どれくらいの時間が経ったかは、分からない。そうしているうちに、気づけば歯の力が緩んでいった。腕の中の蓮がすっかり大人しくなり、私は彼を抱きしめたまま、数秒くらいぼうっとしていた。
「蓮、落ち着いた……?」
彼の体をこっちに向けさせる。蓮の顔を見たとき、私は息を呑んだ。蓮は真っ青な顔で目を見開いて、私を見つめていた。取り返しのつかない過ちを犯したように。
「……ッ、……ッ」
「……蓮」
口をパクパクと動かし、蓮がうつむいてうずくまろうとする。
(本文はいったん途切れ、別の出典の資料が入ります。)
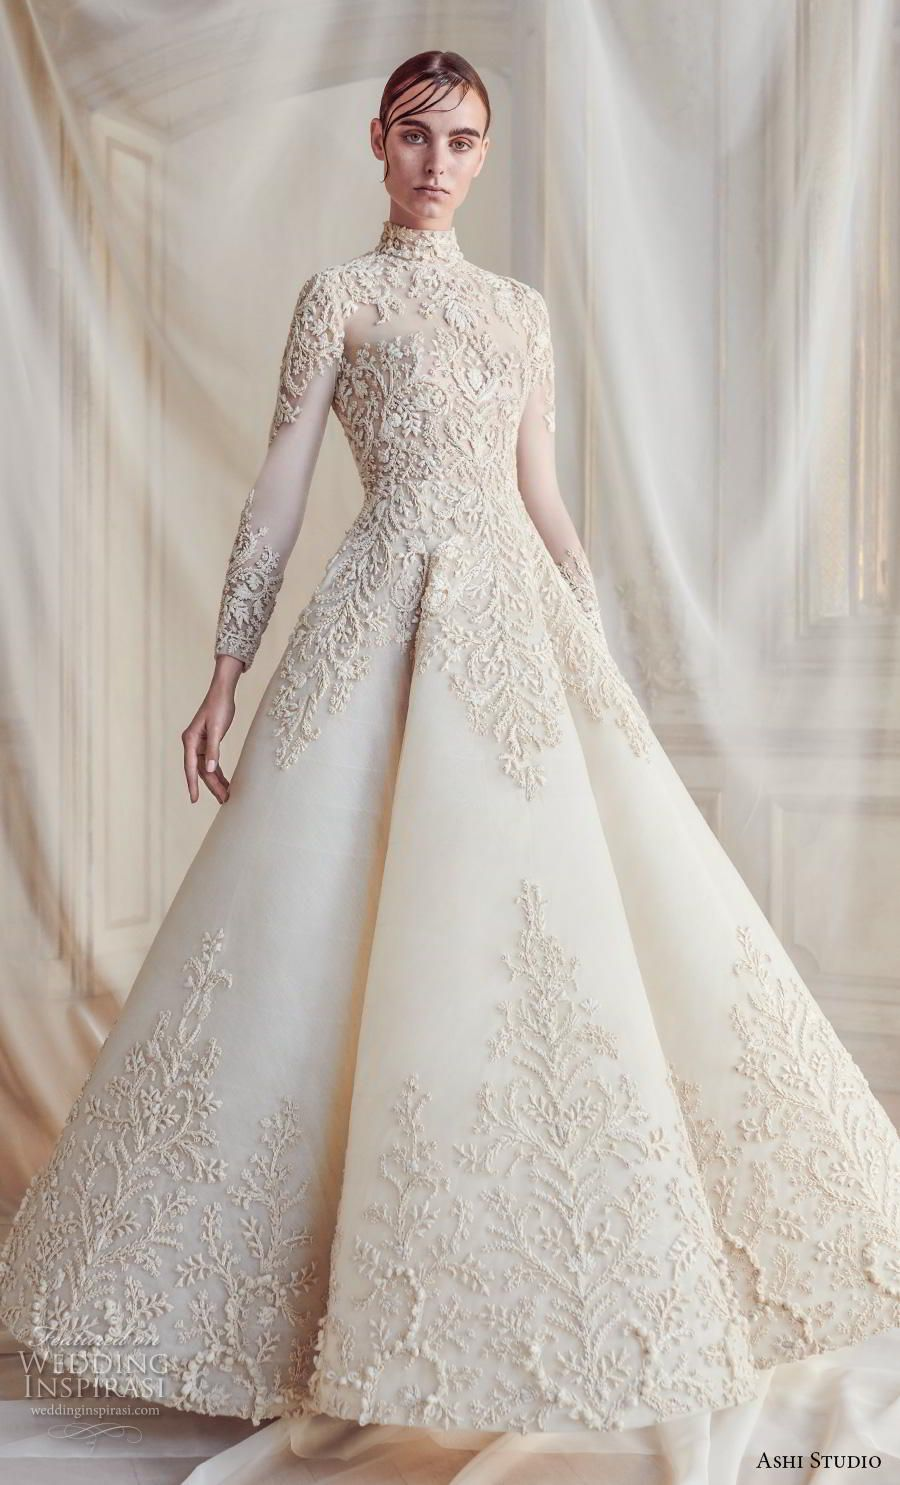 Ashi Studio Fall Winter 2018 2019 Couture Collection Wedding Inspirasi Modest Wedding Dresses Beautiful Dresses Ball Gown Wedding Dress [ 1485 x 900 Pixel ]

その両肩に手を添えて、私は彼の名前を呼んだ。
「蓮、こっち見て」
「……」
パーカーのフードを深く被り、フードを両手で押さえる蓮。その様子が痛々しくて、私は胸が潰れそうになる。
「ごめん。私が不用意に連れ出したから、蓮に嫌な思いをさせた」
蓮がぶんぶんと首を横に振る。そんな彼に甘えないように、私は彼を真正面から見つめた。伝えなきゃいけないことは、もう1つある。
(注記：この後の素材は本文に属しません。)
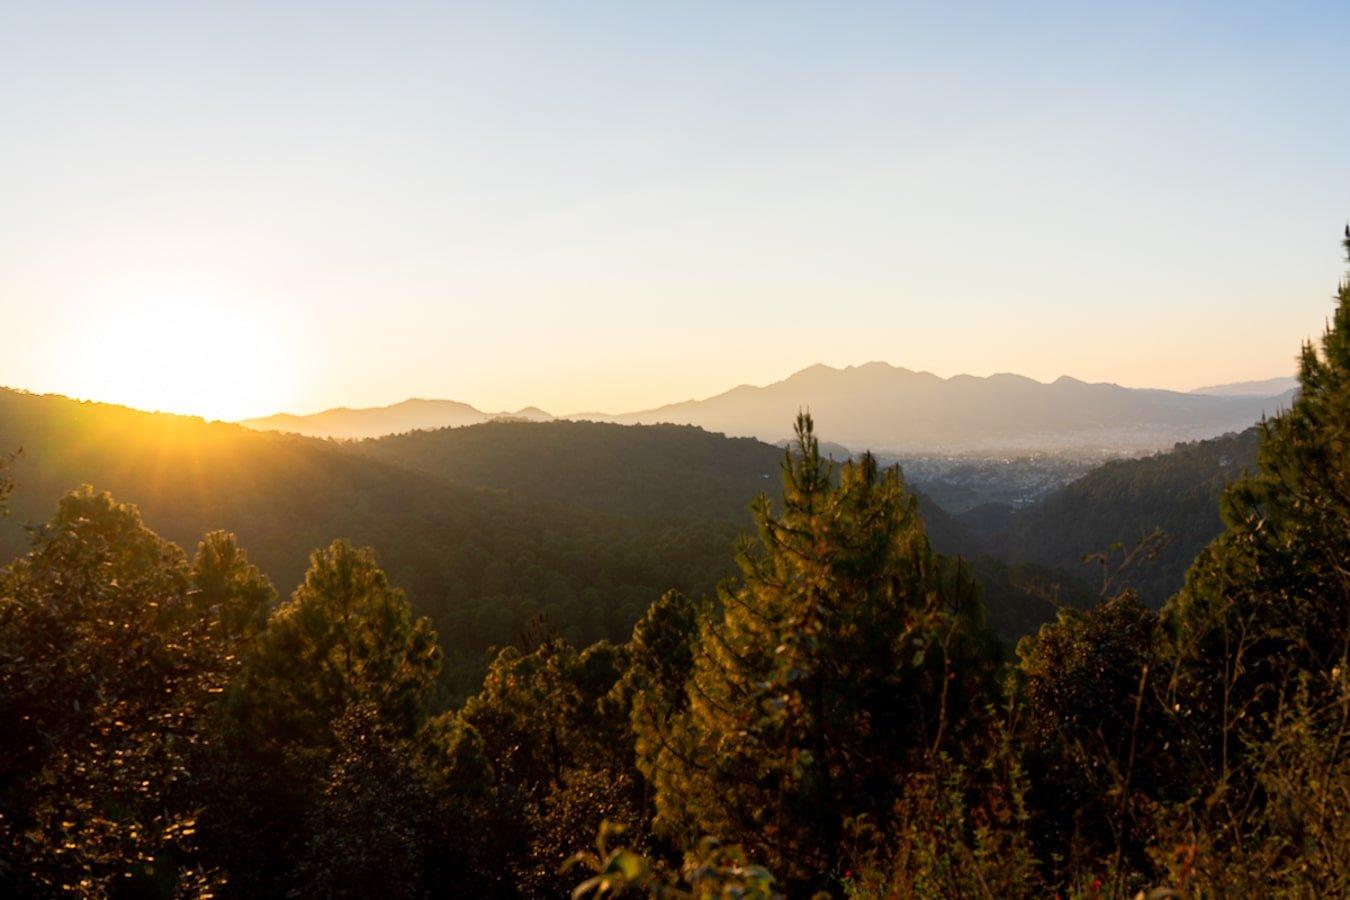 sunset and mountains overlooking san cristobal de las casas

「本当にごめんなさい。それから、守ってくれて、ありがとう」
蓮が顔を上げ、呆然としたように私の目を見る。それから、辛そうに眉を寄せて、私の頬と腕を指先で撫でた。ふれるかふれないか、ギリギリの力で、そうっと。私が殴られた場所と、噛まれた場所だ。
――……オレのこと、まだ側に置いてくれんのか。
「……え」
今の、もしかして蓮の声? ふれた場所から熱が伝わるように、頭の中で声が響いた。怯えているような、それを必死に隠しているような、硬い声。
「当たり前だよ」
彼の不安を取り払いたい。その想いが、はっきりした声になった。
「私はあなたの持ち主で、家族なんだから。病める時も健やかなる時も、側にいるよ」
グレーの目が揺れて、きらきらした雫が溜まる。ぽすりと頭を押し付けてくる彼を、私はぎゅっと抱きしめた。ここが世界で一番安心できると、彼が思えるように。
優しい桃の香りが、私たちをやわらかく包み込んでいた。